### What you will do
Give the data again exactly, without its images.

### Collected data
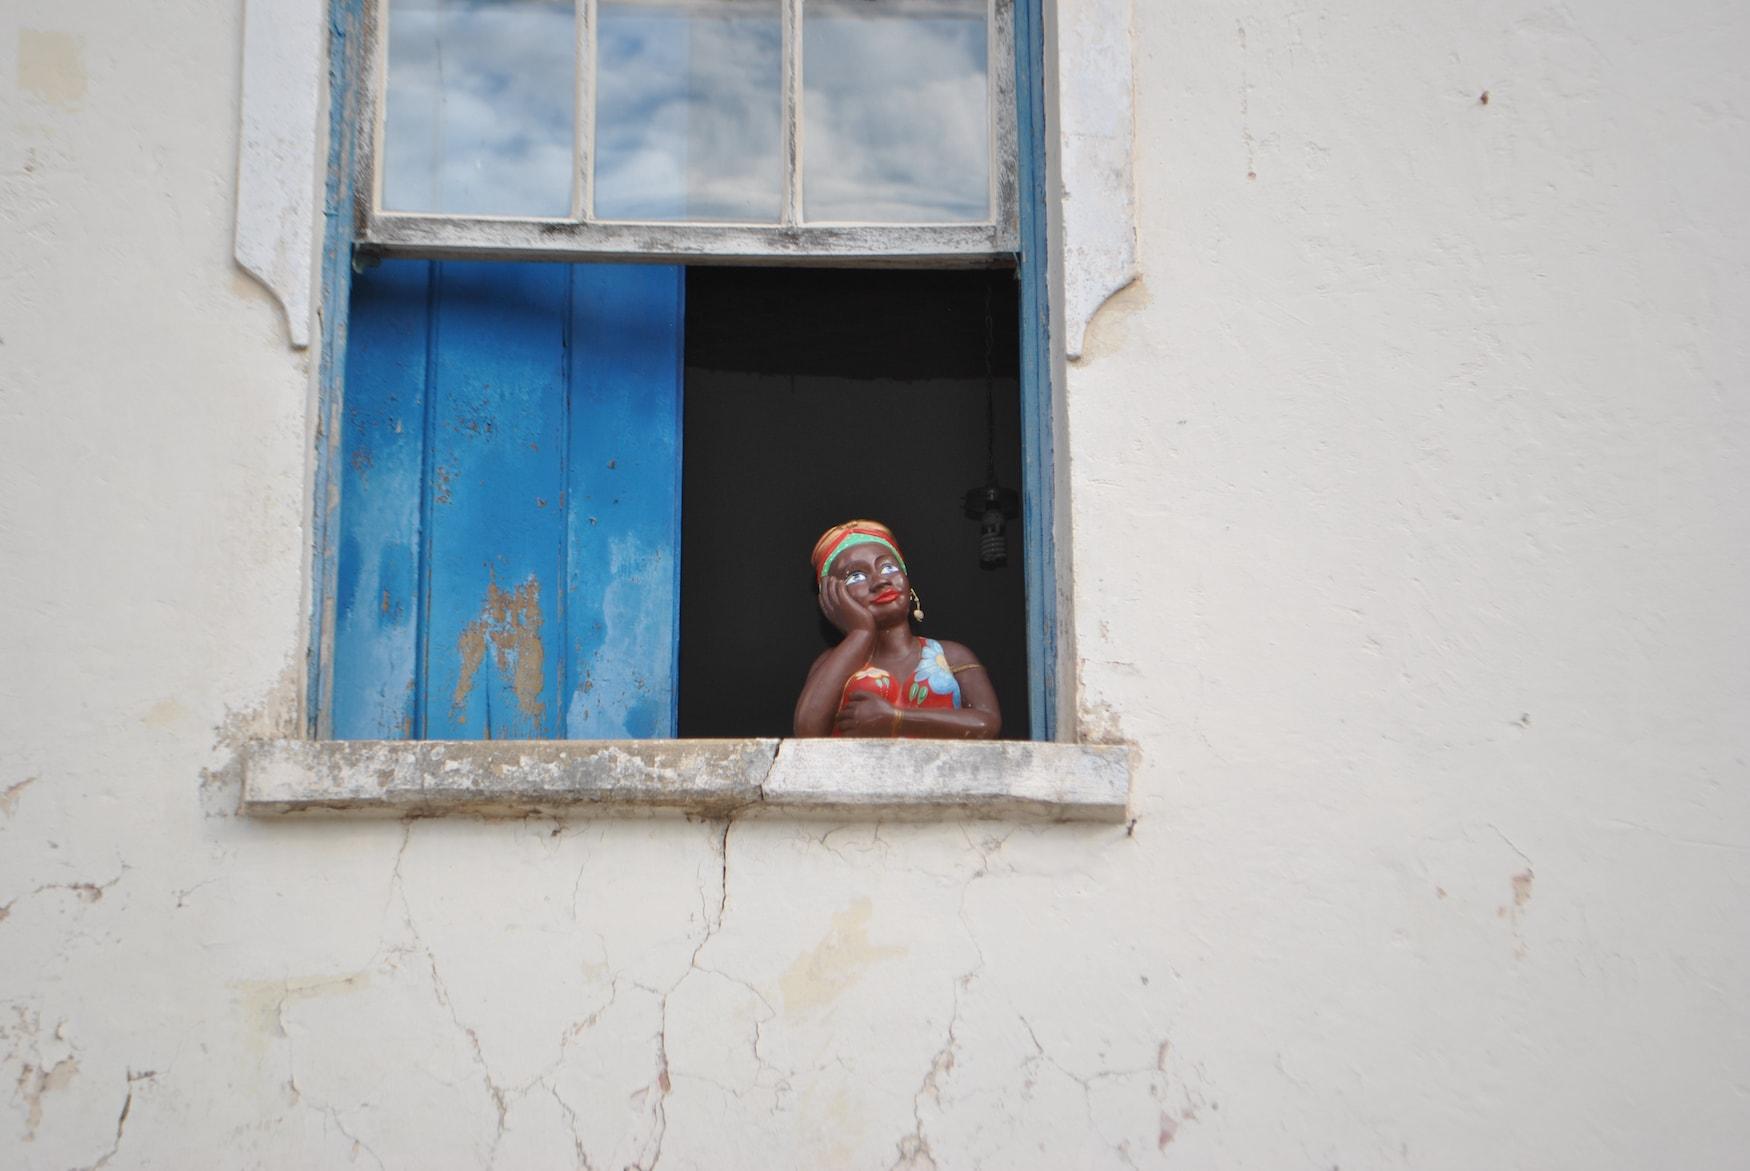 Schwarze Frauenfigur guckt aus Fenster in einem Souvenir-Shop in Salvador in Bahia, Brasilien
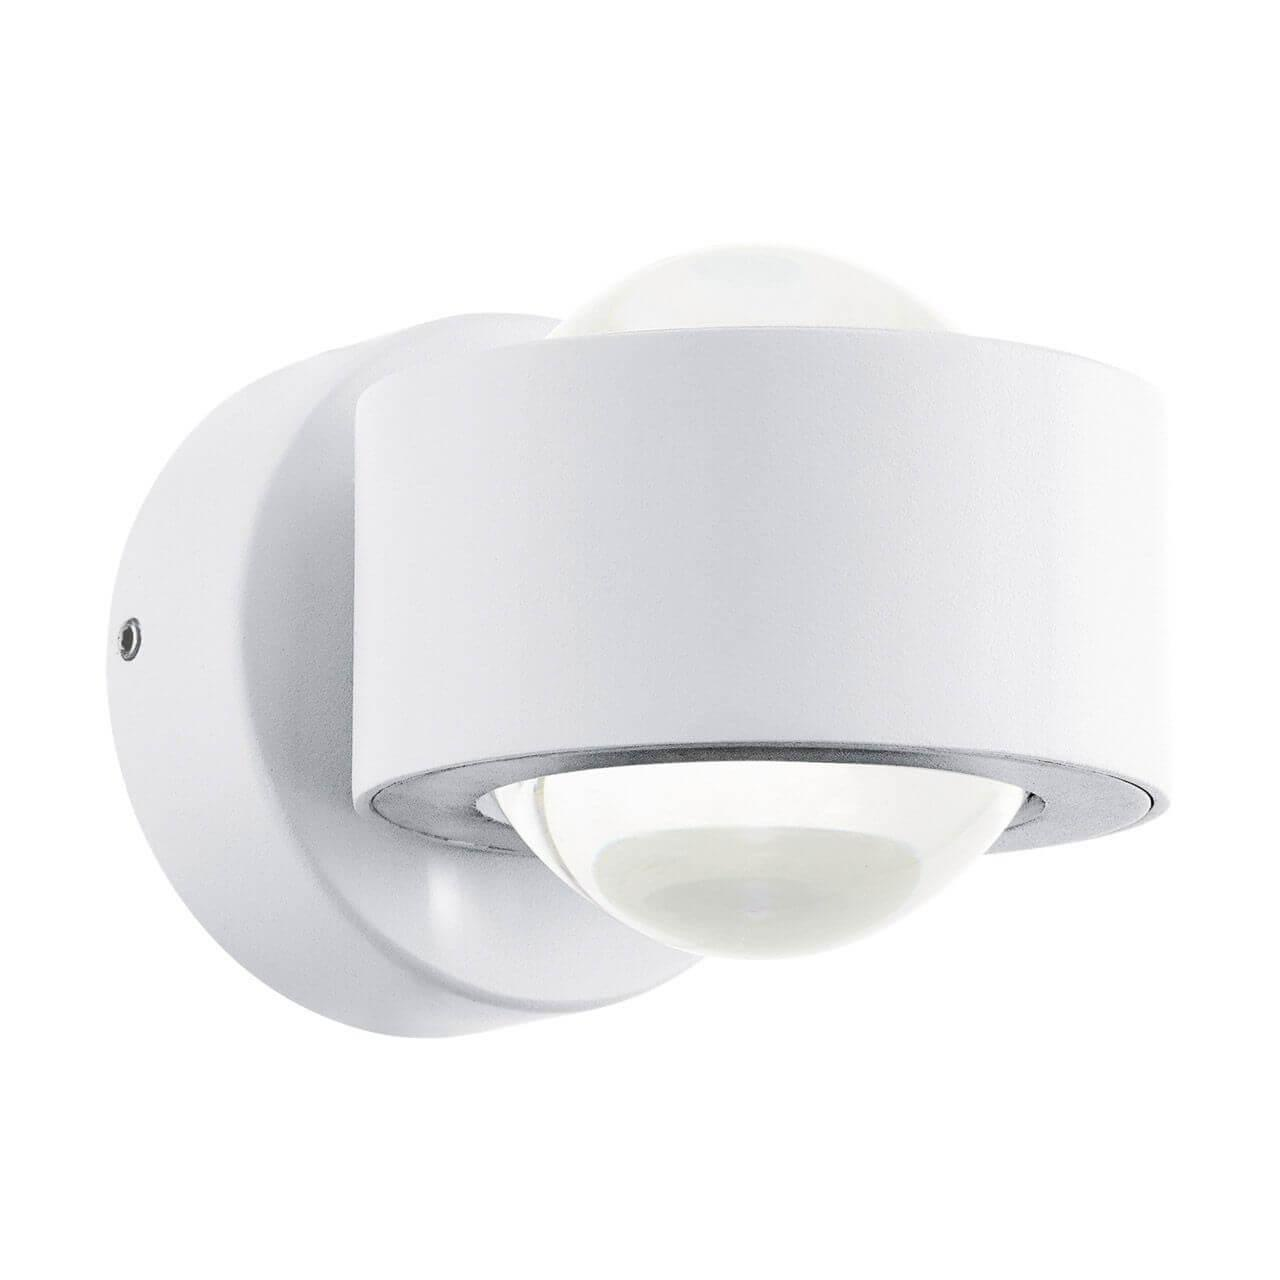 Настенный светильник Eglo 96048, белый
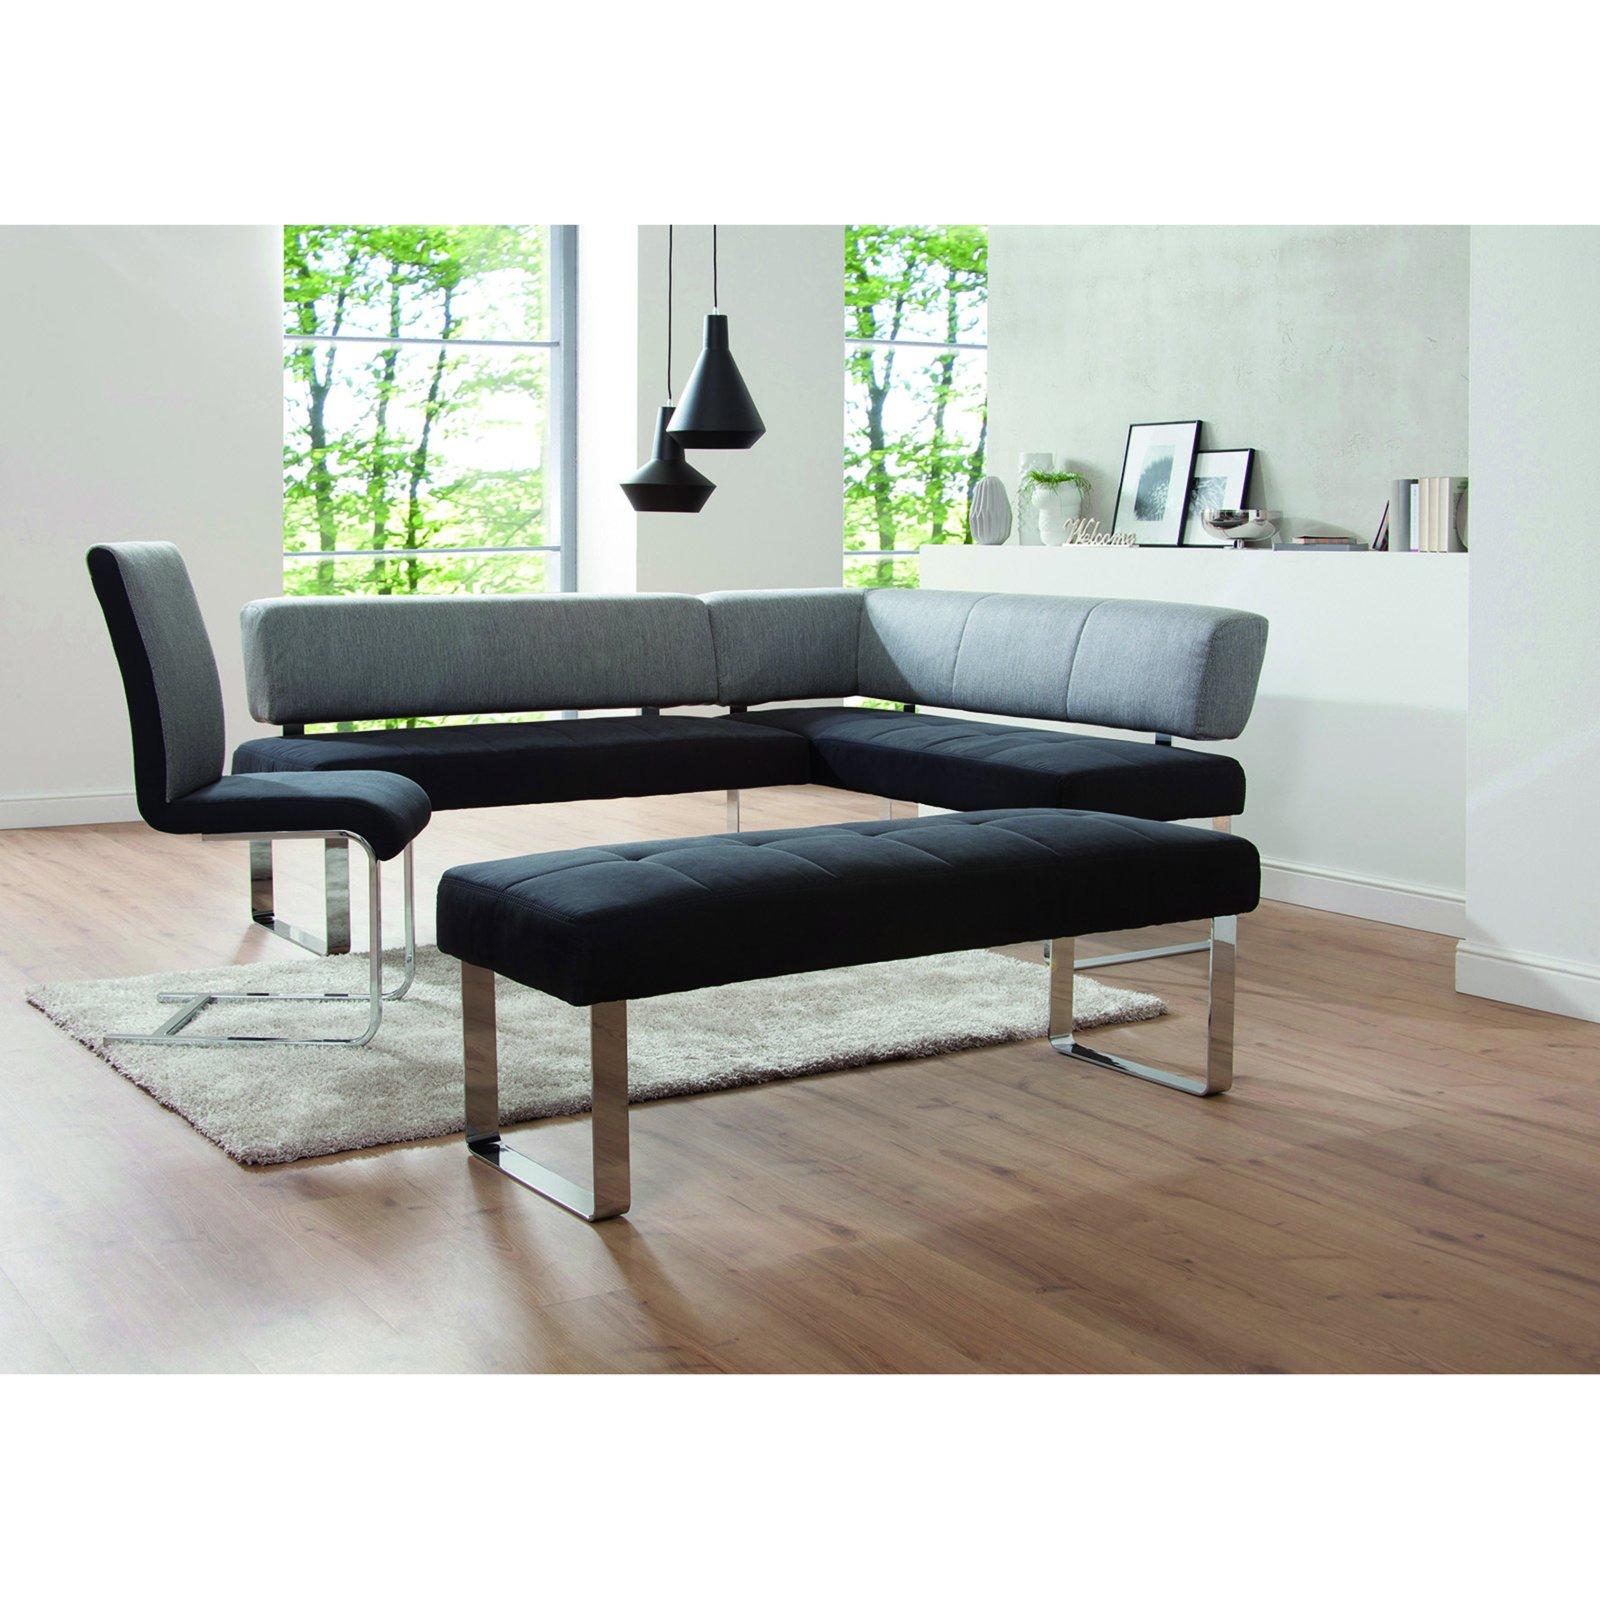 roller eckbank schwarz grau microfaser ebay. Black Bedroom Furniture Sets. Home Design Ideas

### Solution to the exercise
 Schwarze Frauenfigur guckt aus Fenster in einem Souvenir-Shop in Salvador in Bahia, Brasilien
 Настенный светильник Eglo 96048, белый
 roller eckbank schwarz grau microfaser ebay. Black Bedroom Furniture Sets. Home Design Ideas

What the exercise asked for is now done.